Published Wednesday May 18, 2022

Author Judi Currie

Students attend to a mannequin patient in the nursing simulation lab at Manchester Community College. (Judi Currie)


The pivot to online education during the pandemic accelerated technology transformations at colleges and universities, and redefining how education is delivered. Two years into the pandemic, most schools now offer multiple ways for students to access their education.

Advancing the hybrid classroom forced colleges and universities to adopt new technology and retrain faculty and staff, says Dr. Donald L. Birx, president of Plymouth State University. “It drove us to take a step that would have taken longer because we were suddenly thrown into the deep end,” he says. “We have made education more available, versatile, efficient and effective.”

White Mountains Community College in Berlin ended up implementing its 10-year tech plan in one year because of COVID.

“From a technology standpoint we are set for the foreseeable future,” says Charles Lloyd, the college’s president.

Sister Paula Marie Buley, president of Rivier University in Nashua, says they have been building a foundation for remote learning for years with a management system that’s engaging and interactive. “Our faculty have been working with the technology for seven to eight years, so they were well-prepared,” she says. “What I do see is greater sophistication in simulations and virtual reality. The next step is artificial intelligence. Now you are interacting with a system that is learning from you and changes its responses based on what it has learned from you.”

The pandemic has inspired colleges and universities to leverage technology to meet the immediate needs for NH’s workforce, such as health care and cyber security but also to build the workforce of the future.

Responding to Crisis
Rivier University opened a $5 million Nursing and Clinical Innovation Center in March that uses simulations to immerse students in clinical scenarios. The center includes six simulation labs that mirror the settings in which nurses most often provide care: medical/surgical and pediatric/neonatal hospital rooms, an obstetrics room, examination rooms and telemedicine offices. “Nurses are so much more involved with technology,” says Buley. “We must ensure that students are workplace ready.”
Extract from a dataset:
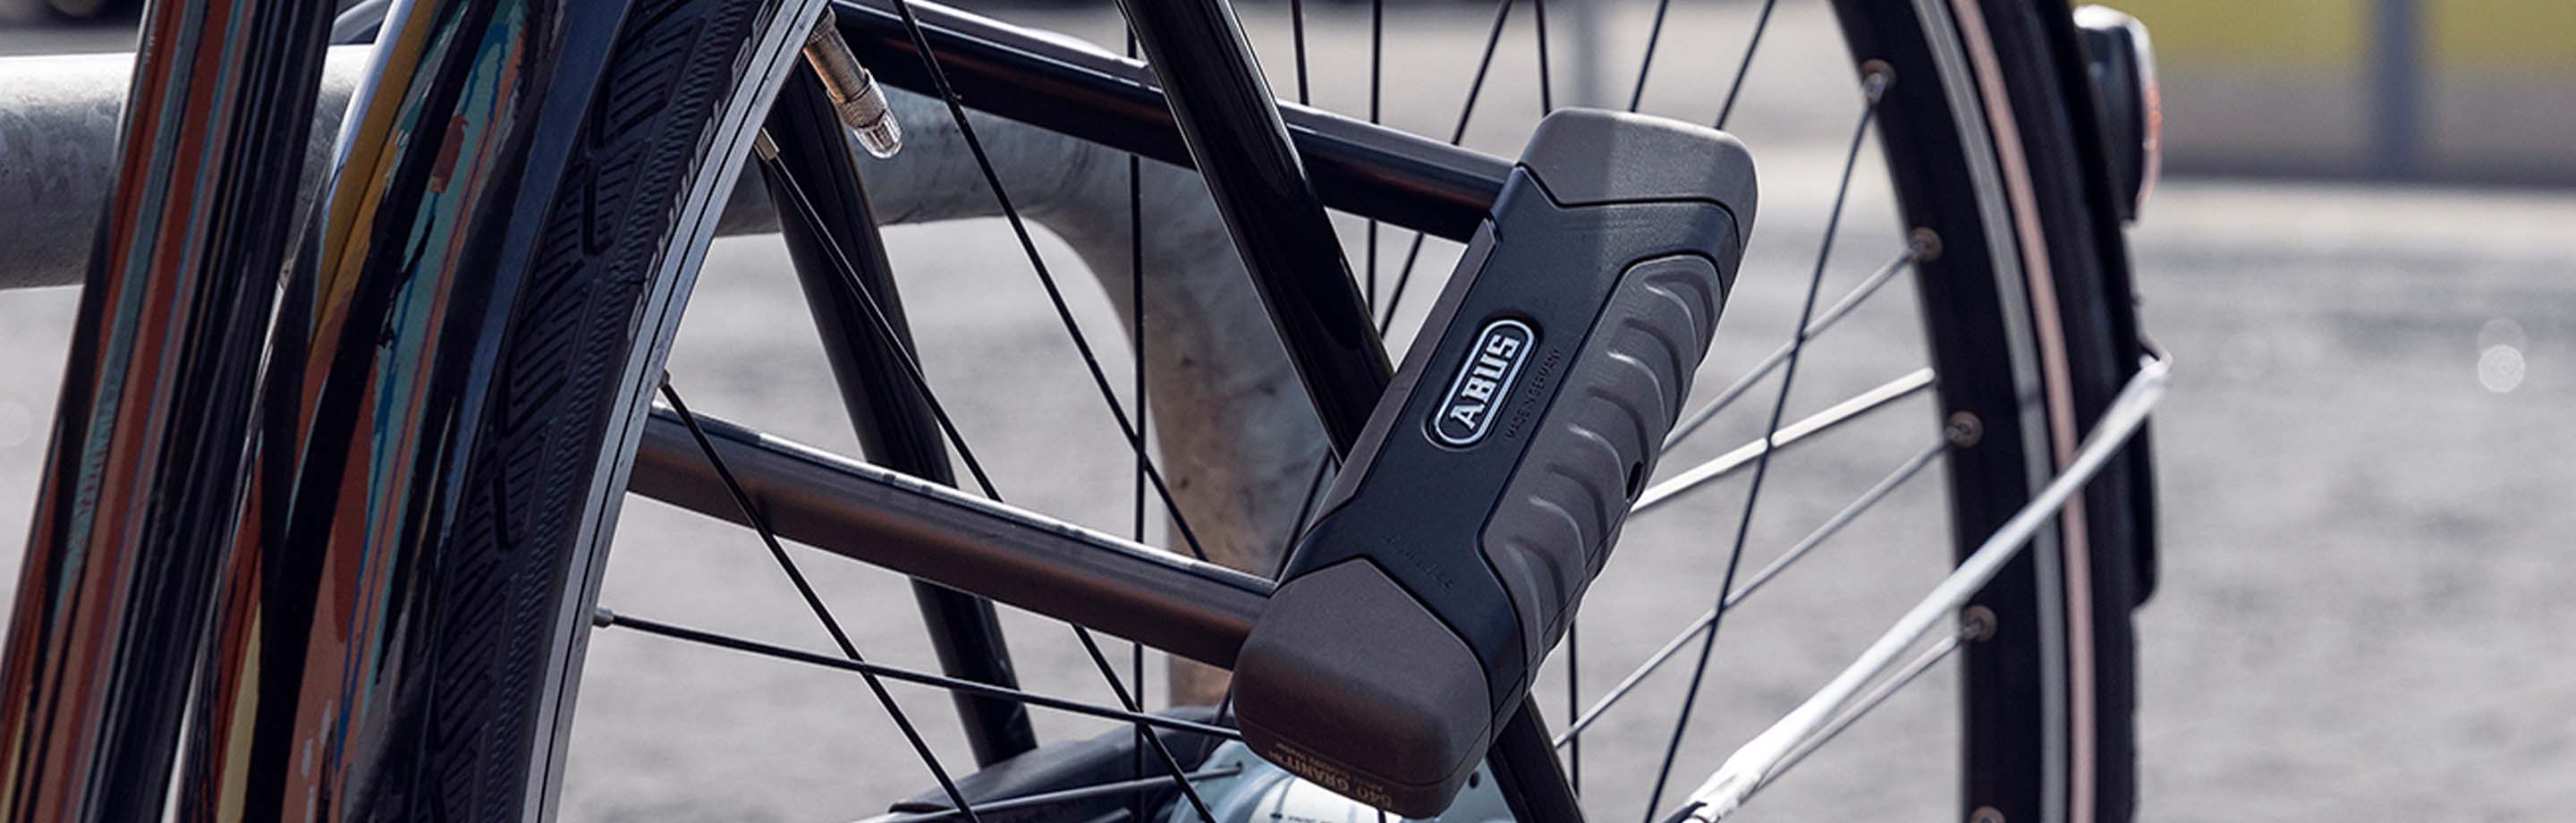 ABUS Locks - Security for Your Bike!

Manchester Community College (MCC) uses high-tech mannequins to train nursing students, says Jill Reid, professor of nursing who runs the college’s nursing simulation labs. She says training mannequins have become far more sophisticated and can be controlled by a computer or tablet to respond to the students’ actions and to simulate possible reactions a patient might have that the students must then address.

One simulation might involve a patient who is hypoglycemic, while another involves an opioid overdose requiring the student to administer Narcan. Reid controls the action in a control room behind a two-way mirror. “As they’re taking care of the patient, I can talk for it, respond to their actions and change the vital signs,” says Reid.  

The MCC nursing program also received a BD Pyxis Medication dispenser, identical to those used in hospitals, to train students on equipment they’ll be using in the field.

When the pandemic threatened the ability of Southern NH University students in nursing and health care to graduate on time as they did not have a way to do internships or practicums, the school adapted an existing experiential learning model launched in 2018 called HEaRT (Higher Education and Real-world Training) to allow them to complete a virtual  practicum.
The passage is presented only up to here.